Григорий изломил бровь, с удивлением посмотрел на невесту, словно сказал: «Тебе и впрямь интересно? Не шутишь?» Однако на поверку с охотой продолжил:

– В людях государь перво-наперво ценит ум и деловые качества. Я и сам глазам поверить не мог, ан потом свыкся. Среди его приближенных изрядно людей простых, не знатных родом, но вельми талантливых. Взять хоть Меншикова – сын дворового конюха, а гляди-ка, куда выбился! Да мне не в зазор. – Григорий раскурил шкиперскую трубку и, столкнувшись с Марией взглядом, порозовел в скулах; губы его тронула сокрытая до поры усмешка. Затянувшись, он вместе с табачным дымом выдал: – Первостепенно дело. Согласен я с государем. Он ведь и сам работал с простыми мастеровыми на верфях, сиживал за одним столом с купцами и матросами, едал из одного котла с солдатами, бывал на свадьбах простых горожан... и надо сказать: нос не воротил, губ не кривил, лишь бы толк был от сих знакомств. Я слышал как-то от одного пруссака... тот так отзывался о русском царе: «Он сам вполне солдат и знает, что требуется от барабанщика, равно как и от генерала. Кроме того, он инженер, пушкарь... кораблестроитель, токарь, оружейный мастер, кузнец». И это не все, душа моя. – Григорий вновь погрузился в сизые клубы дыма, а когда отмахнул их перчаткой, весело подмигнул: – Наш Петр Алексеич четырнадцать ремесел знает! Трудолюбив, как черт, и любознателен. Его быстрый ум легко постигает все важное и хорошее во всех науках и искусствах, коим он останется предан до конца дней своих, так-то!

Помолчали. Лунев прокурил табак, выбил о низкий каблук ботфорта трубку. Ветер шуршал над их головами, переворачивая зеленые резные листья клена. На краткий миг пропало солнце, съеденное кудлатой сине-свинцовой тучей, и на графский парк, на дом, на жениха и невесту, на бело-желтые розетки и чашечки цветов опрокинулась, клубясь и уплывая, прохладная мышастая тень. Откуда-то из-за дальних берез налетел ветер; струящийся между рябой листвой, он затрепал у розовых щечек, на шее растрепанные локоны, завитки смуглого пуха.

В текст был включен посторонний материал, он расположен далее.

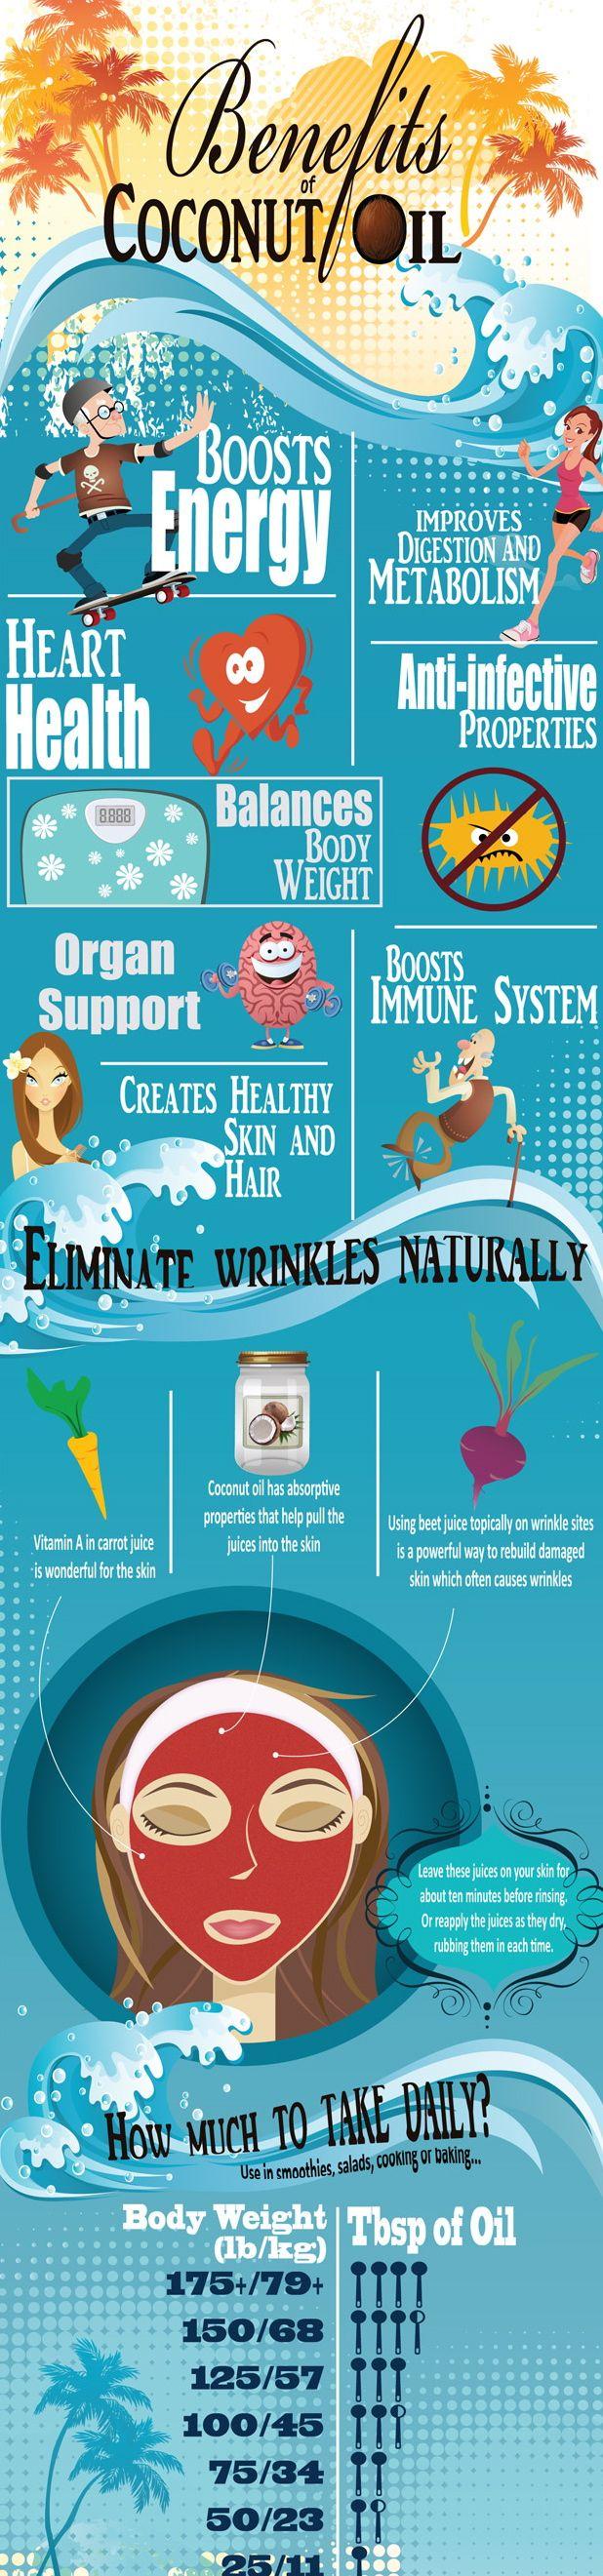 The Super Food Coconut Oil

– Гриша? – придушенно окликнула Мария, срывая сиреневый колокольчик.

– Что?

– А матушка моя говорит... – Она заговорщицки понизила голос, дрогнула ноздрями. – Наш государь... черту служит. Они с сестрами называют его злодеем и мужем кровавым...

– Мария! – Его запальчивый голос обжег слух. Встретились глазами. Григорий потемнел взором. – Ты матушку свою, Евдокию Васильевну...

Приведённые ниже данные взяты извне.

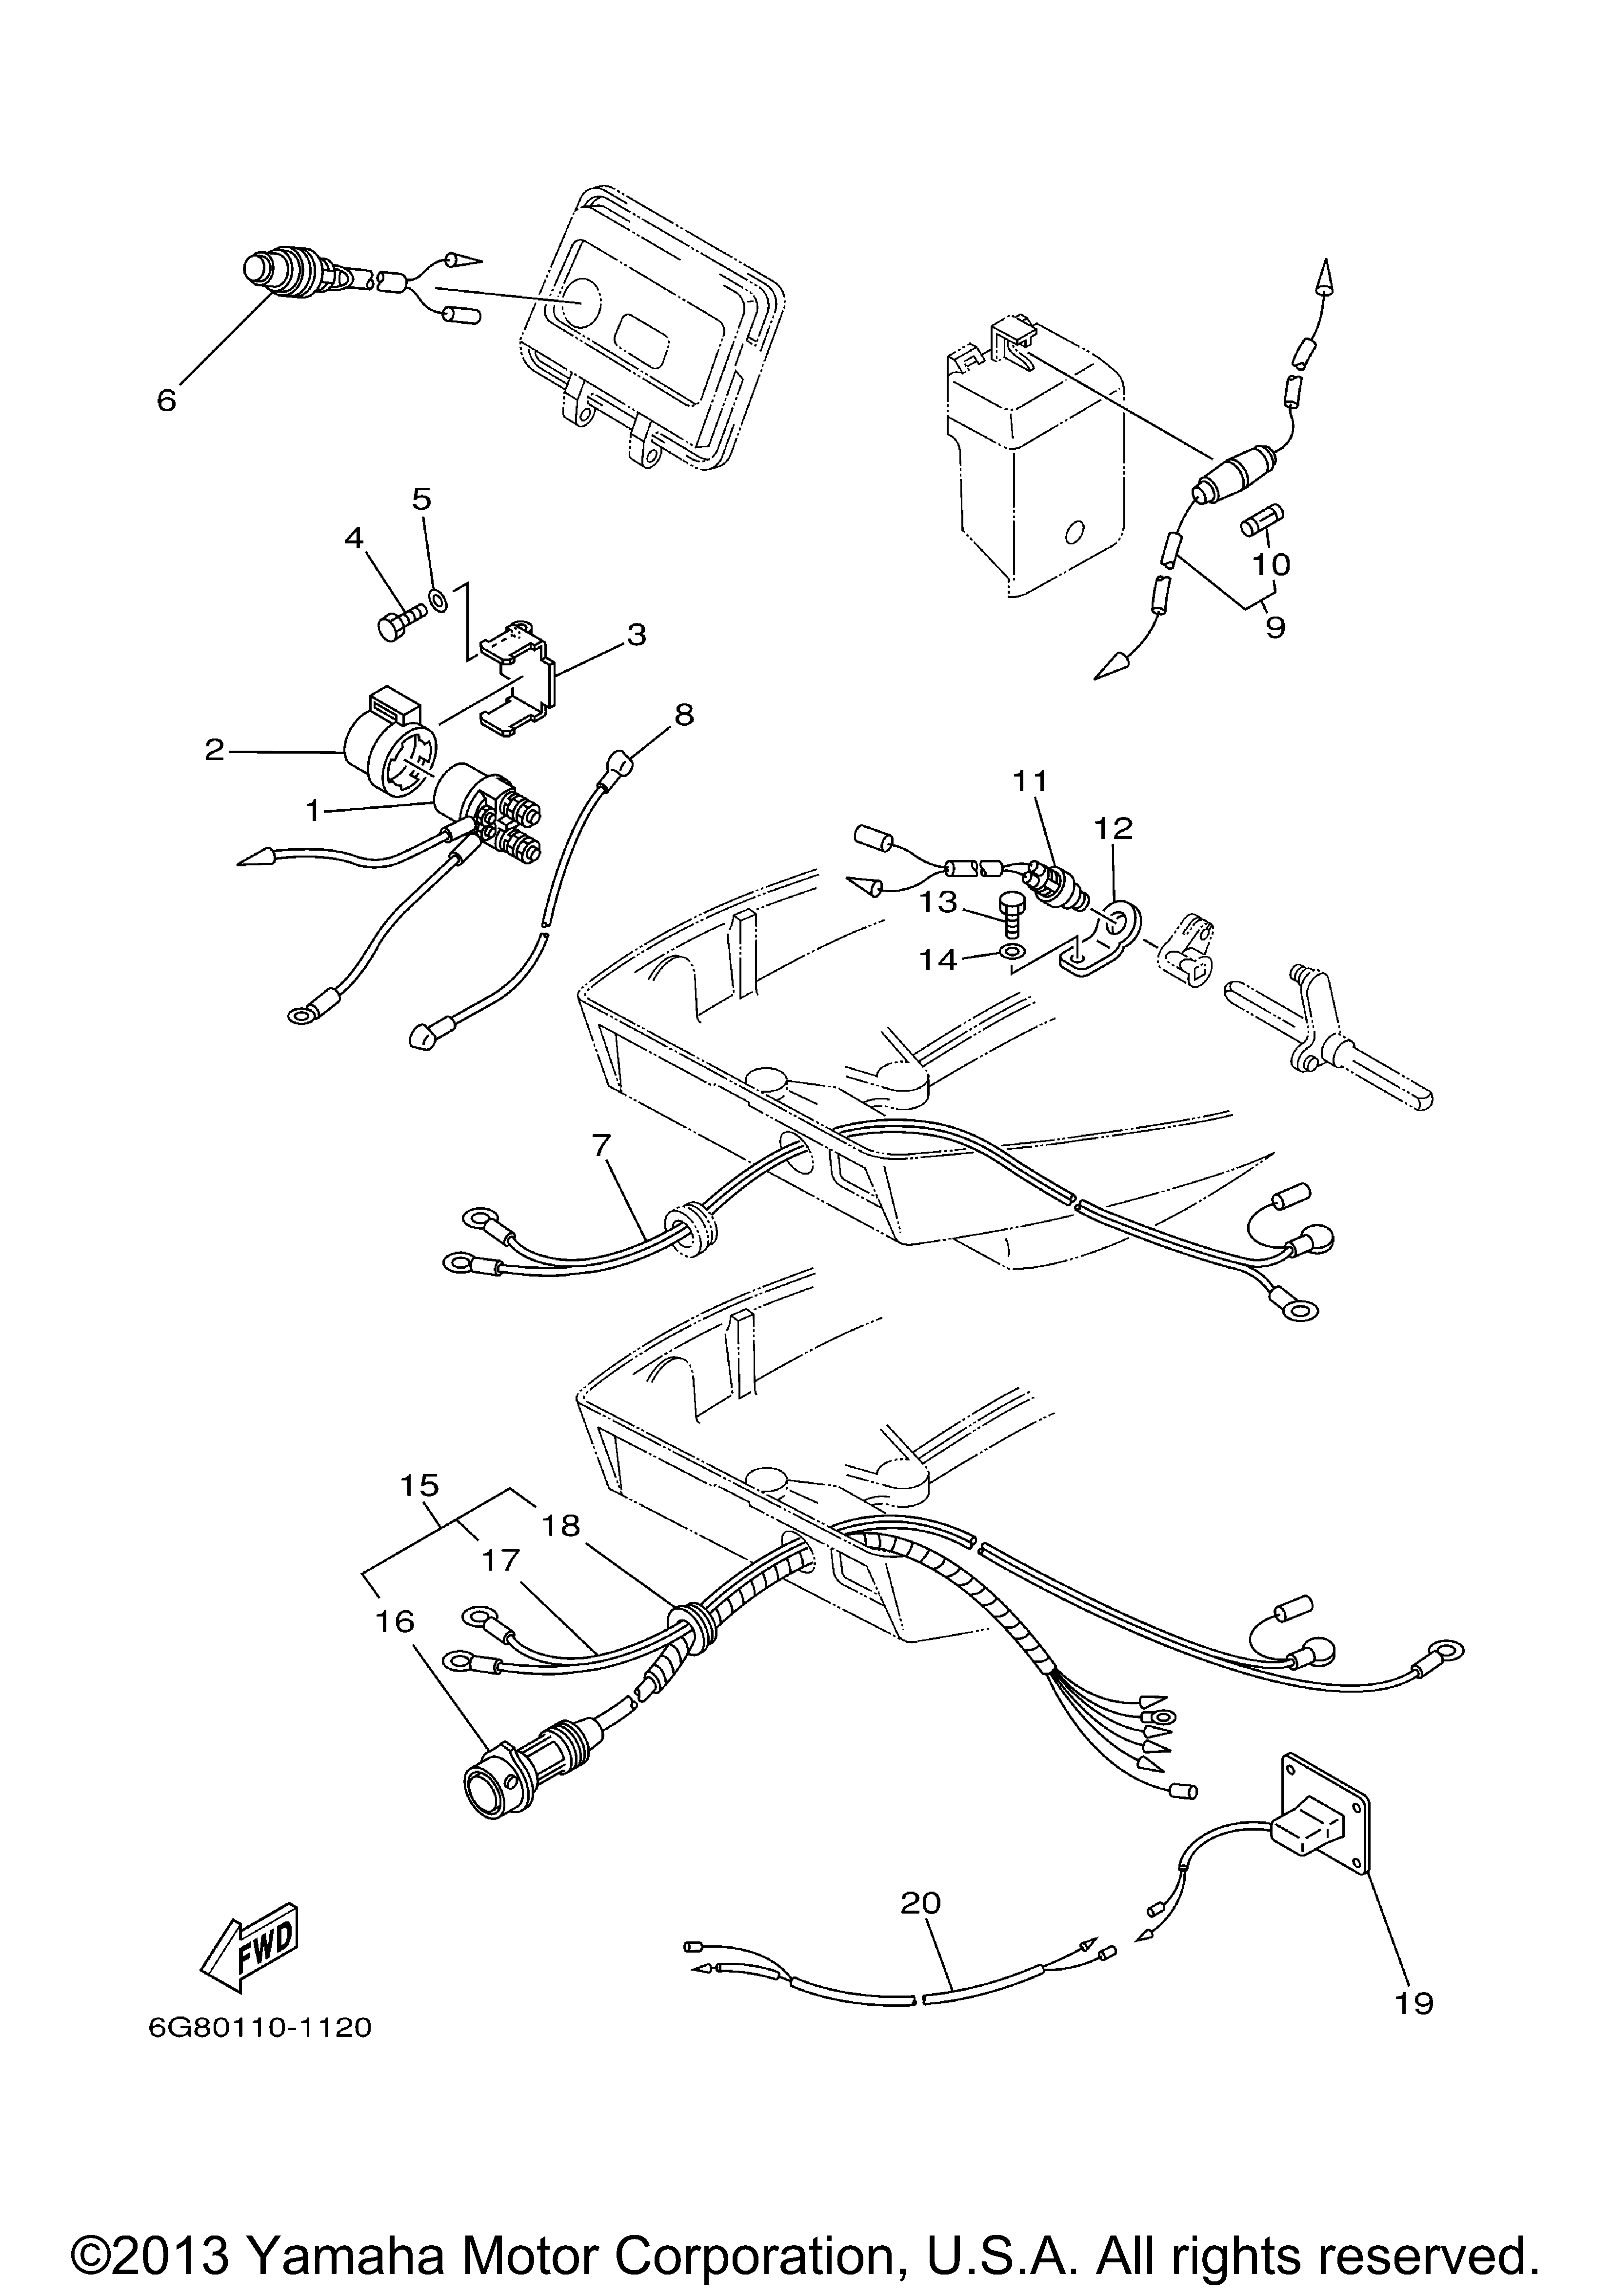 Trolling Motor Parts Diagram Also Trolling Motor Wiring Diagram

остереги от сих заявлений! Как бы в полымя опалы... через свой язык не попасть! Царь весел и добр, да скор на расправу. За такие речи дорога одна – в Сибирь...

...Оба подавили поднявшееся в них тяжелое и смутное чувство тревоги, пошли молча, но вскоре Мария замедлила шаги. Она не оглядывалась по сторонам, но чувствовала угрюмую враждебность такого знакомого и родного с детства старого парка.

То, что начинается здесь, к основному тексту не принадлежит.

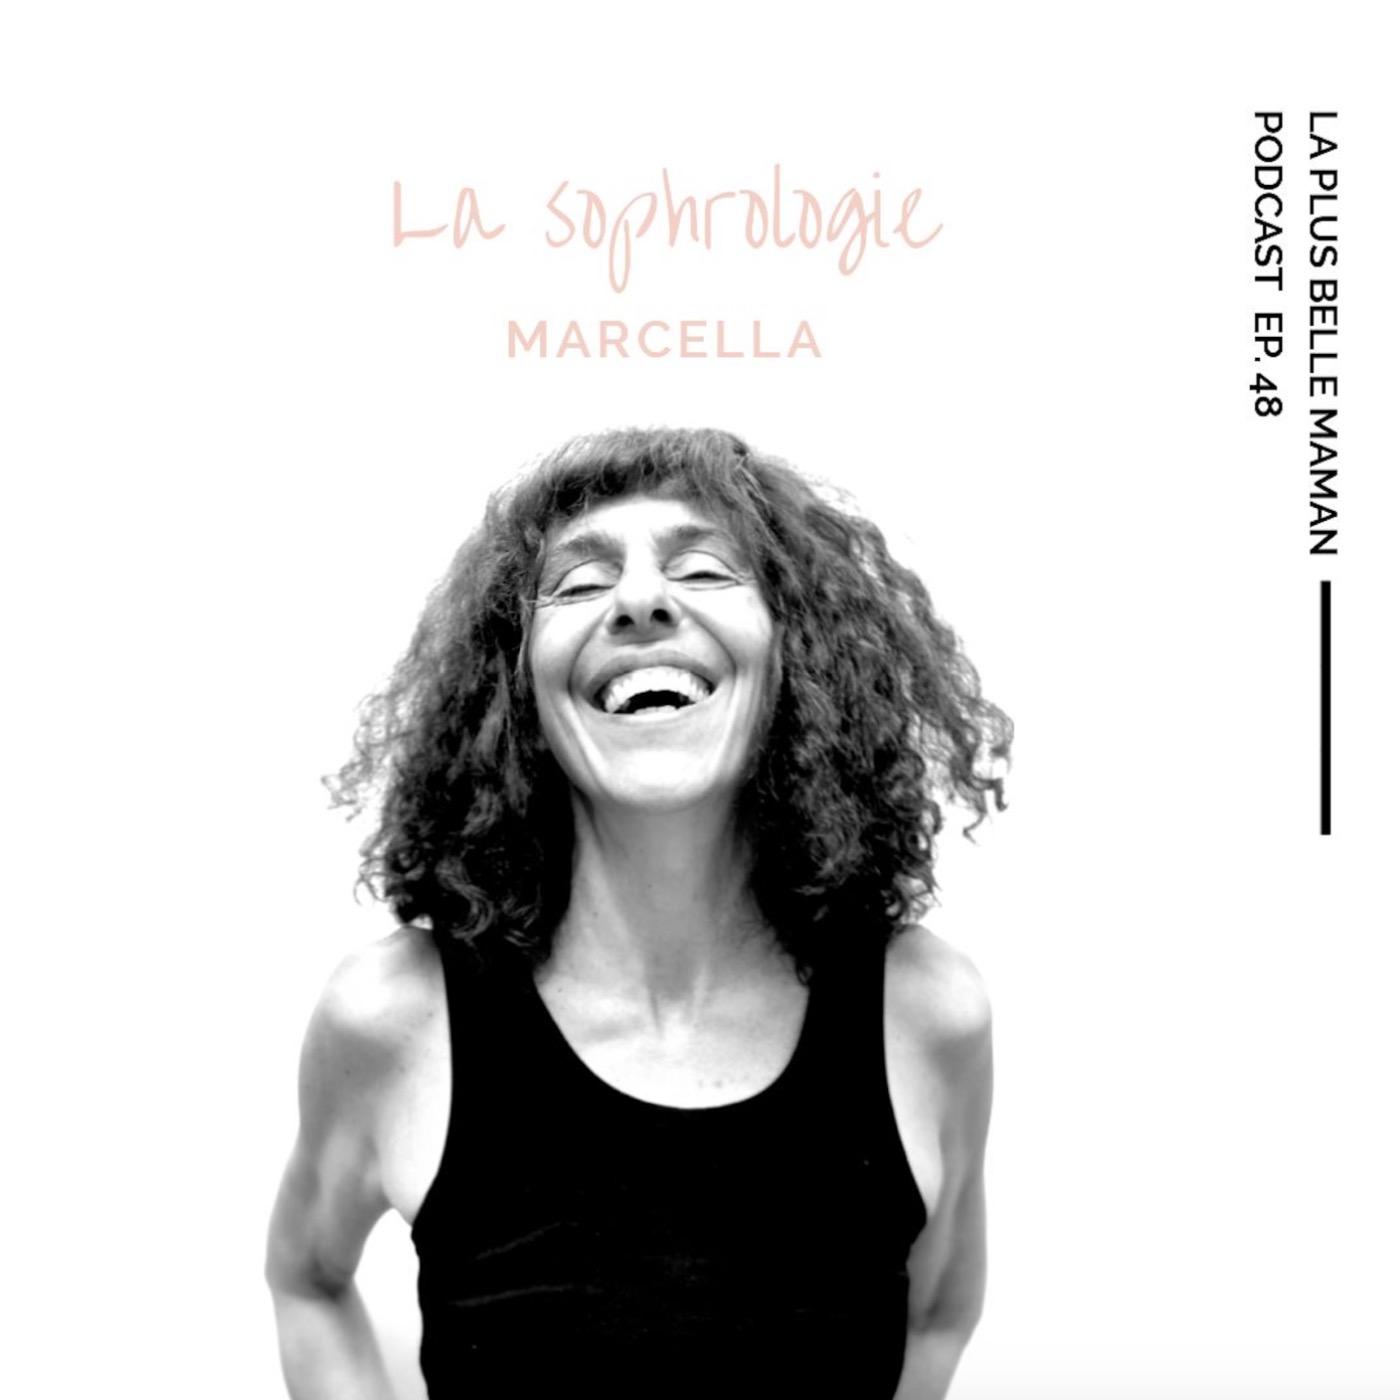 La sophrologie avec Marcella

На повороте Григорий снова обеспокоенно посмотрел ей в глаза. Машенька хотела что-то сказать, но на ресницах внезапно нависли росинки слез; жалко дрогнули губы.

Она, судорожно сглотнув, шепнула:

– Боюсь.

– Чего? – Он живо глянул по сторонам. По молчаливому, ветвистому парку разливался гречишным медом теплый вечер; от медных стволов, освещенных закатным солнцем, – тяжелые длинные тени. В прогретых травах мирный стрекот и гуд неутомимых кузнечиков и полосатых пчел. – Душа моя, Бог с тобой. Пригрезилось что?

Щеки Машеньки побледнели, губы стали багряными, как кровь, зрачки незаметно расширились, затемнив глаза, и она едва слышно прошептала:

– Война... Мне страшно... За тебя боюсь, за наше счастье... А ты? Тебе не страшно?

Он потер ладонью переносье, развилку бровей, ответил с натянутой улыбкой:

– Живы будем – не помрем. Так уж мир устроен, не нам его менять, дорогая. Любовь и разлука во время войны – родные сестры. В лучшее надо верить, радость моя.

Лунев замолчал. Она, испуганная этим молчанием еще пуще, тайком посмотрела на его твердый профиль: прямой нос, упрямый подбородок, покрытые серой тенью глаза, в которых уже тлел далекий и чужой рассвет грядущего дня.

* * *

– Гриша! – Мария сорвала с себя маску сдержанности, чувства хлынули наружу бурлящим потоком: она целовала его лицо, прижимала к себе, точно боялась потерять, словно хотела навек вобрать в память любимые черты; в сбивчатые паузы заполошно шептала нежные, пропитанные тревогой и страхом слова, и дрожь ее ощущали его руки.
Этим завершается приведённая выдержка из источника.